▶ _Prompt_
Lines from the one containing "come arredare casa: arredamento" through the end of the material are to be retyped exactly; do not copy pictures.
----- Information supplied
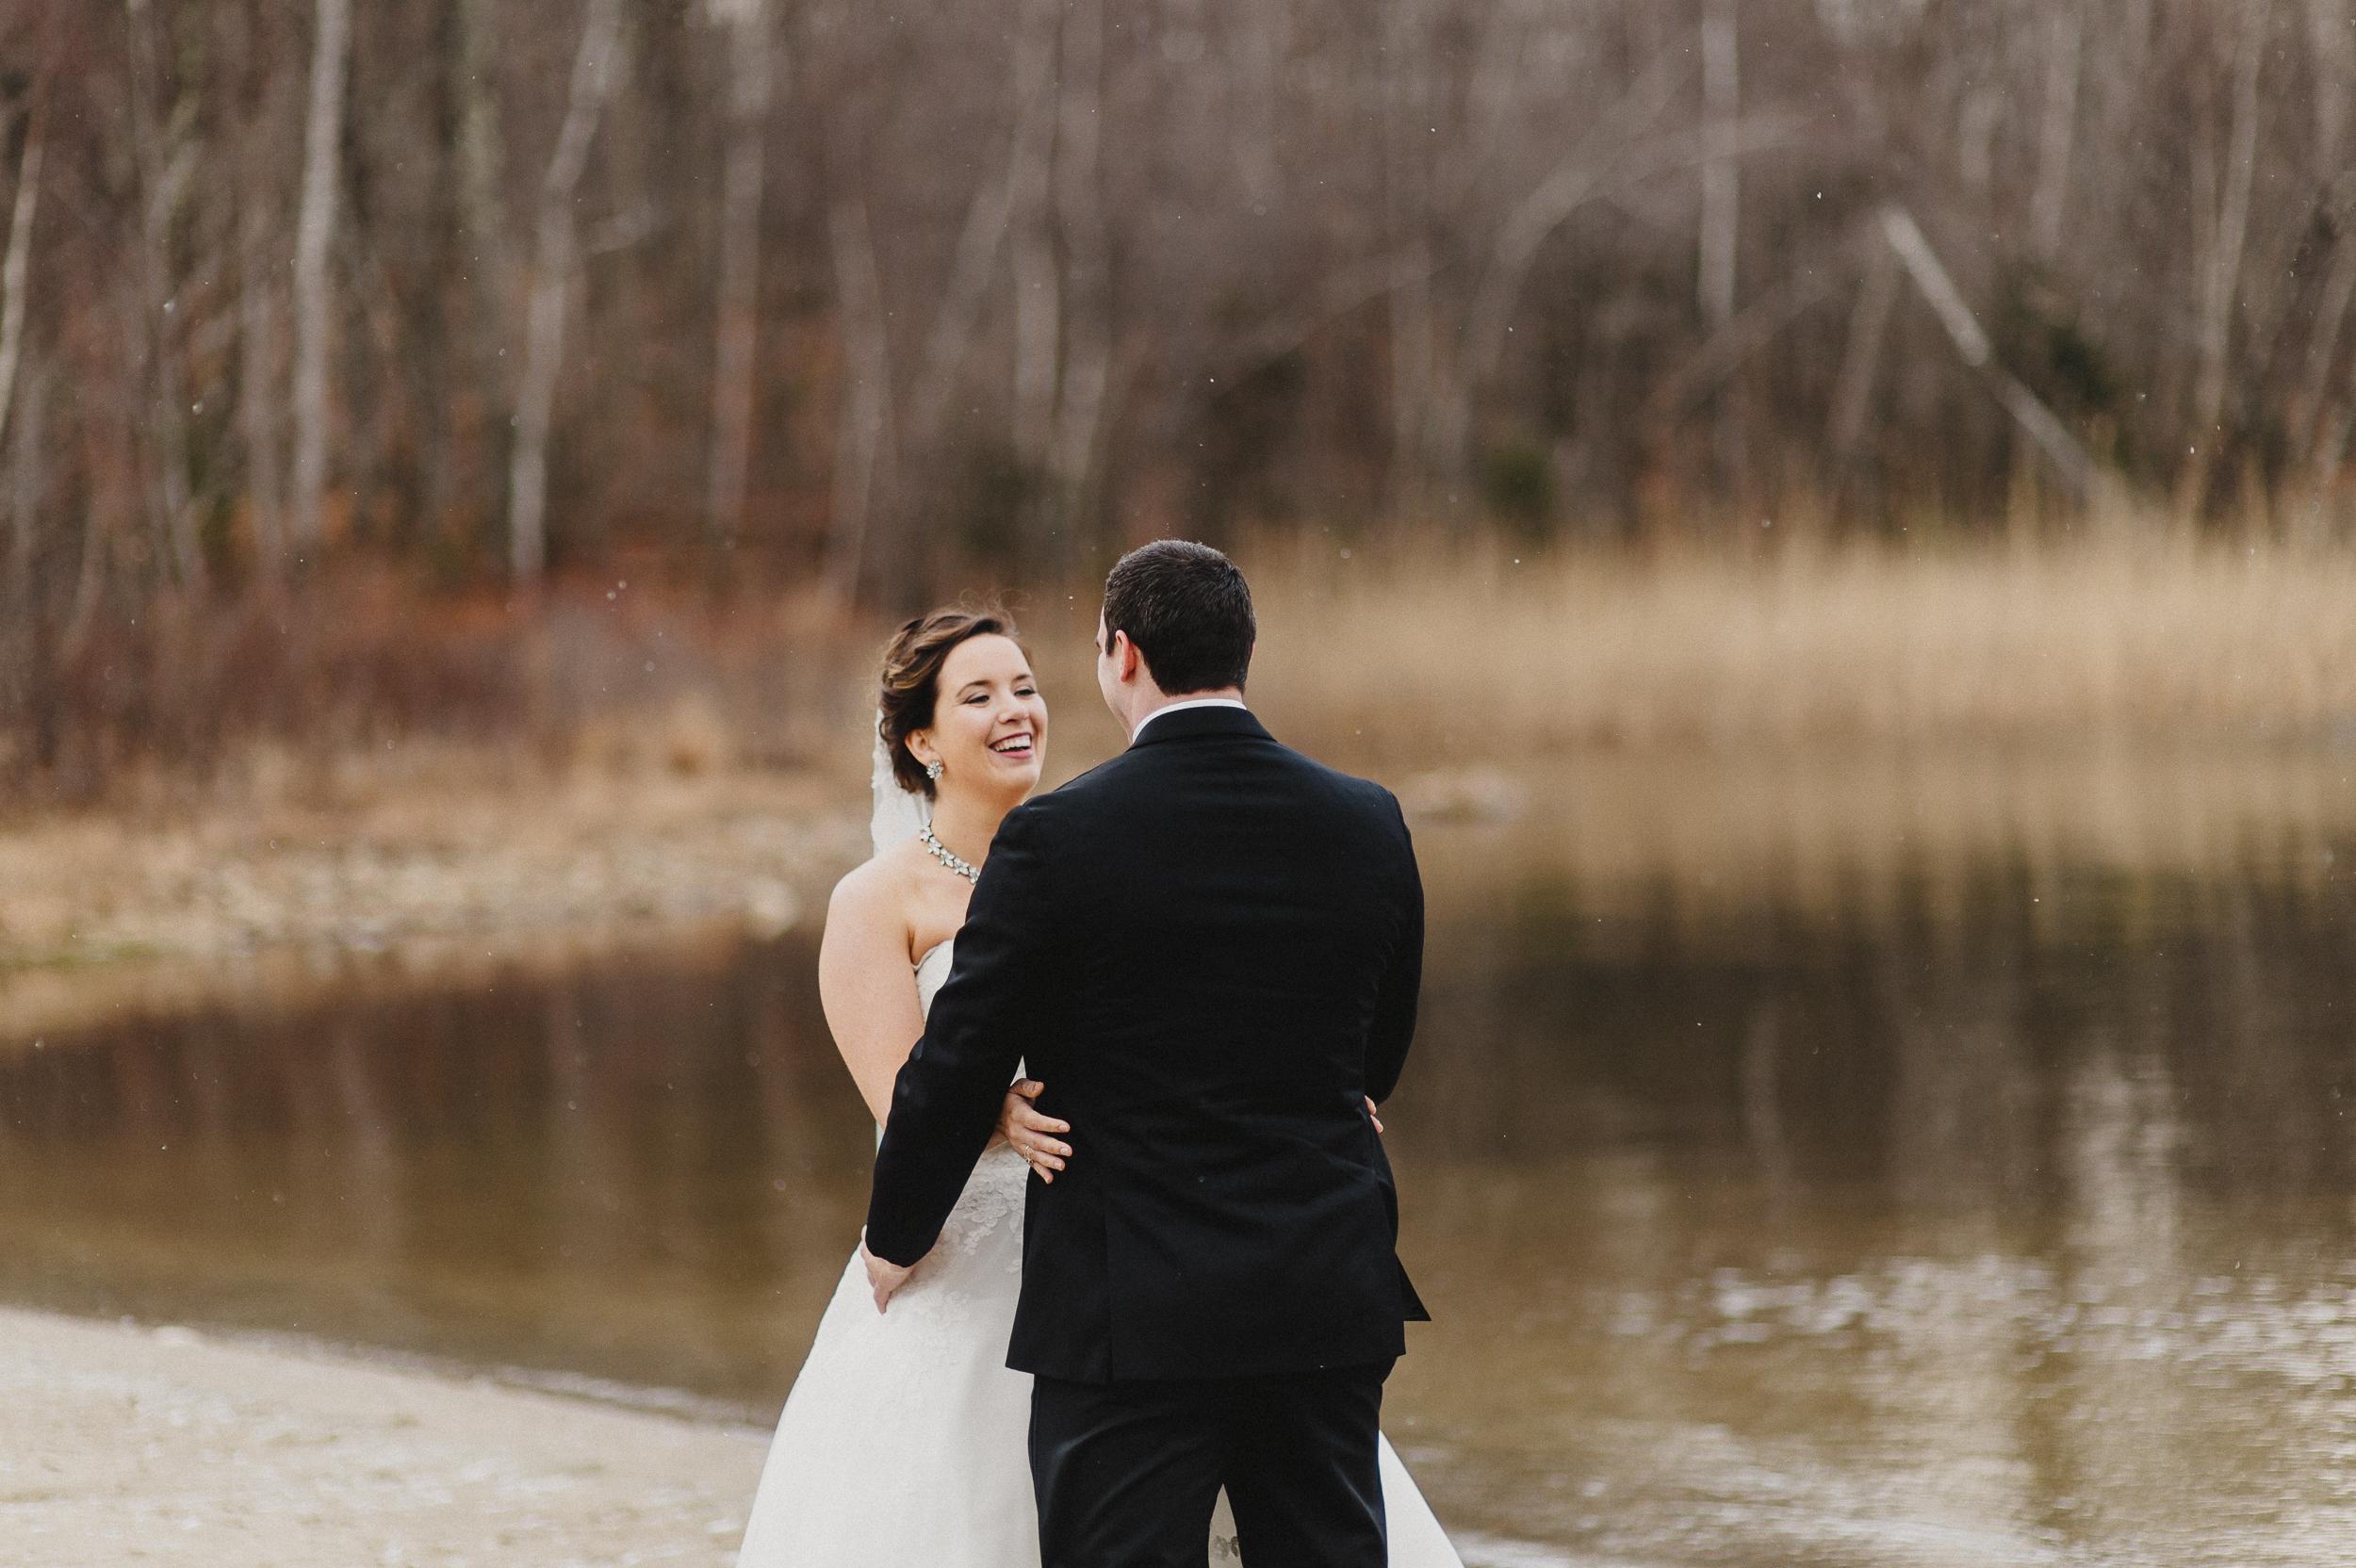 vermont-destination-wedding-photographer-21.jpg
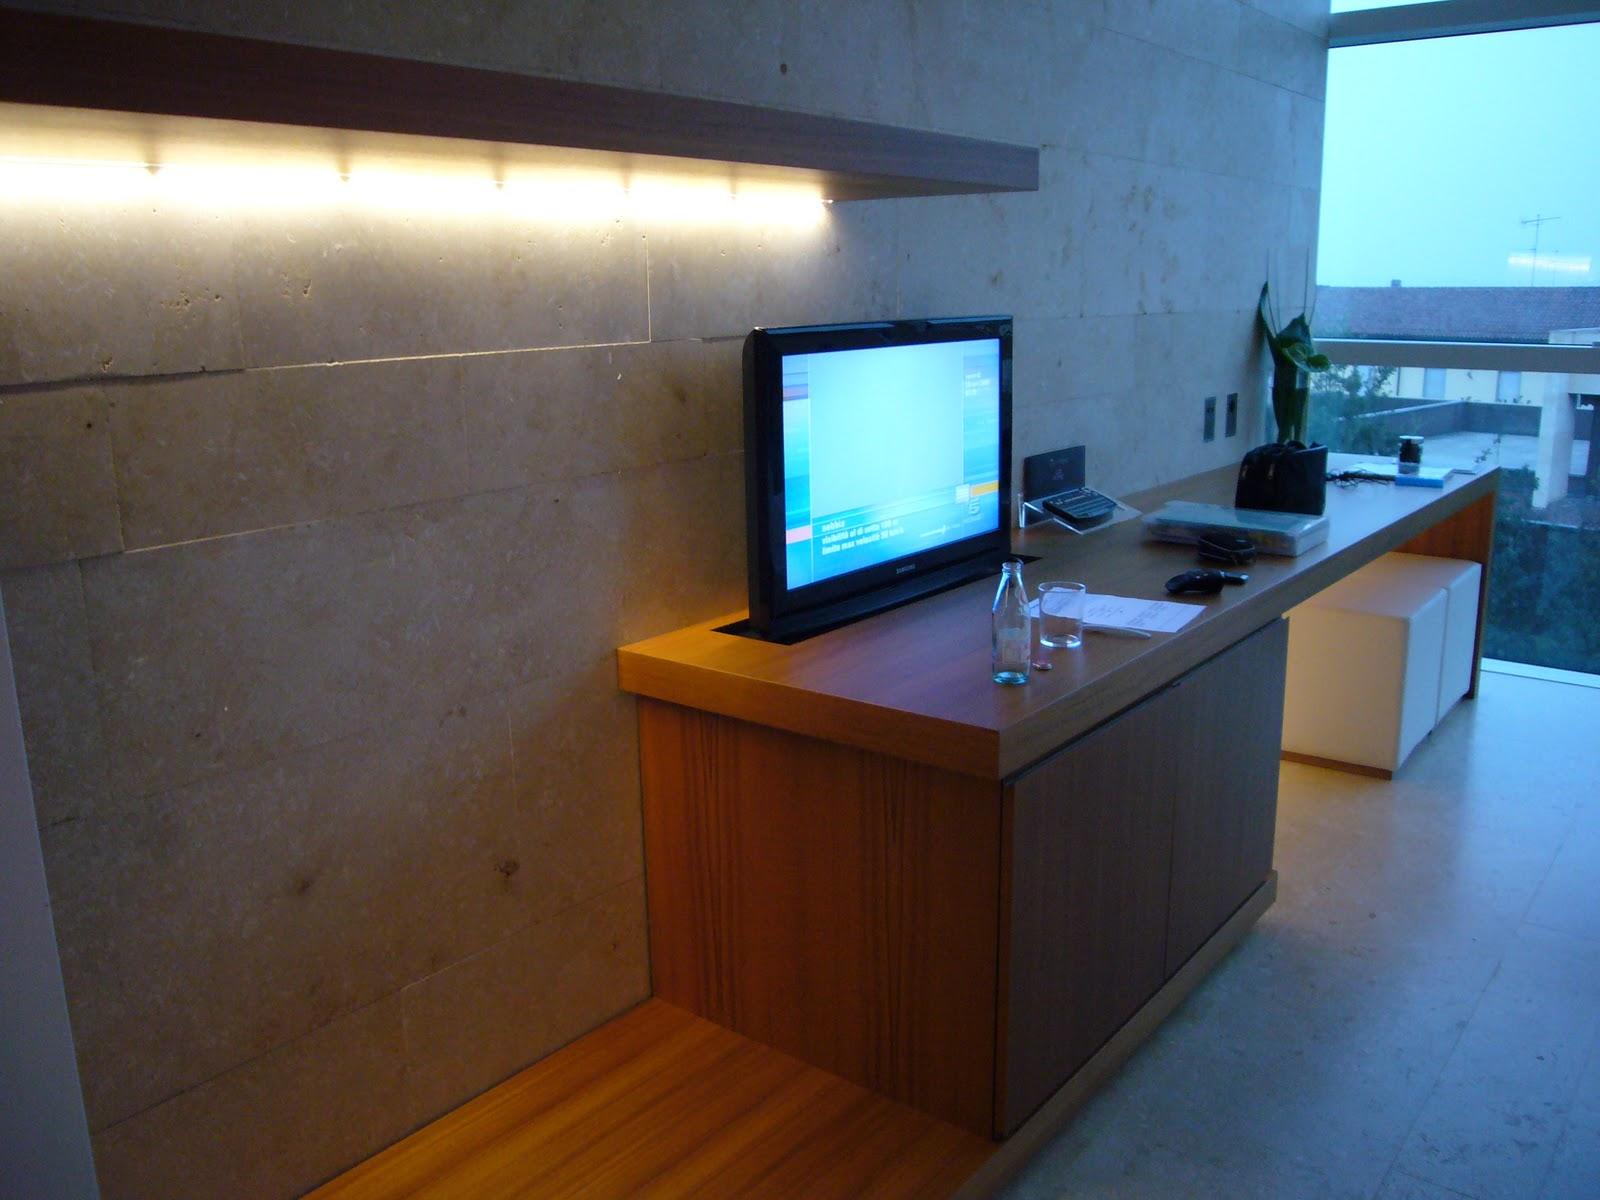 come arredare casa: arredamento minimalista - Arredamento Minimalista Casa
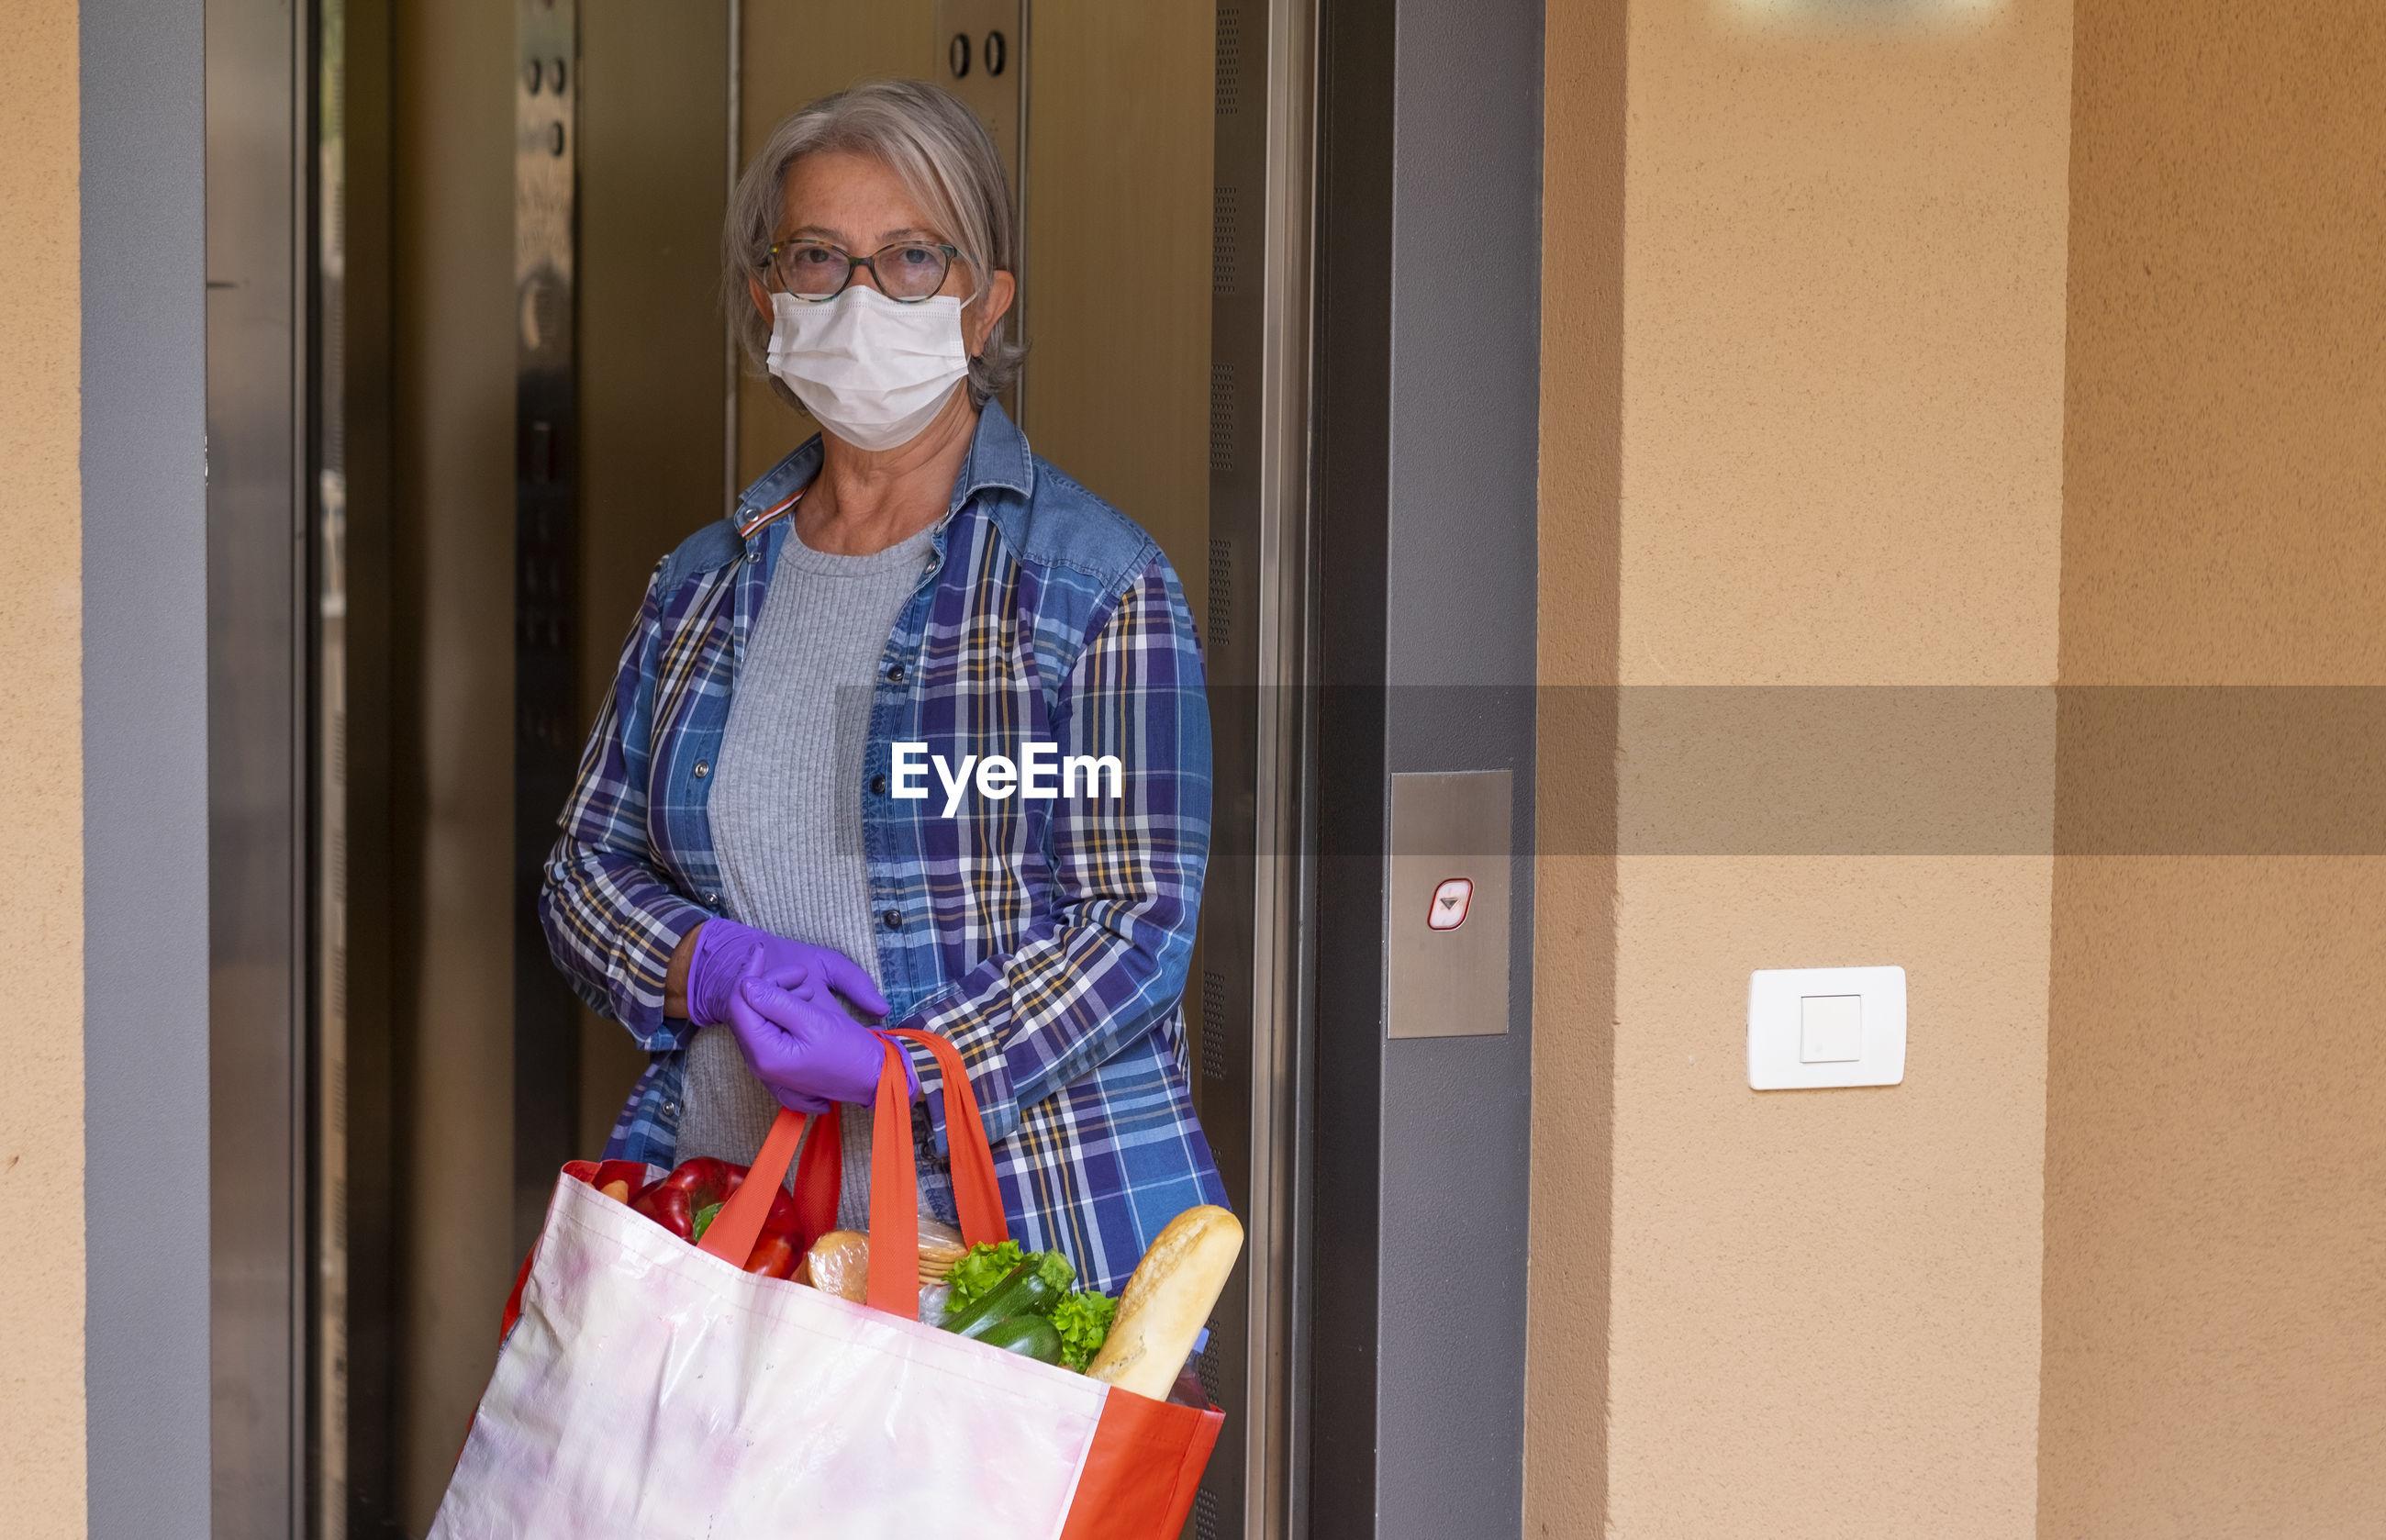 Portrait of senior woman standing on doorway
----------
▶ _Response for this exercise_
 come arredare casa: arredamento minimalista - Arredamento Minimalista Casa
 Portrait of senior woman standing on doorway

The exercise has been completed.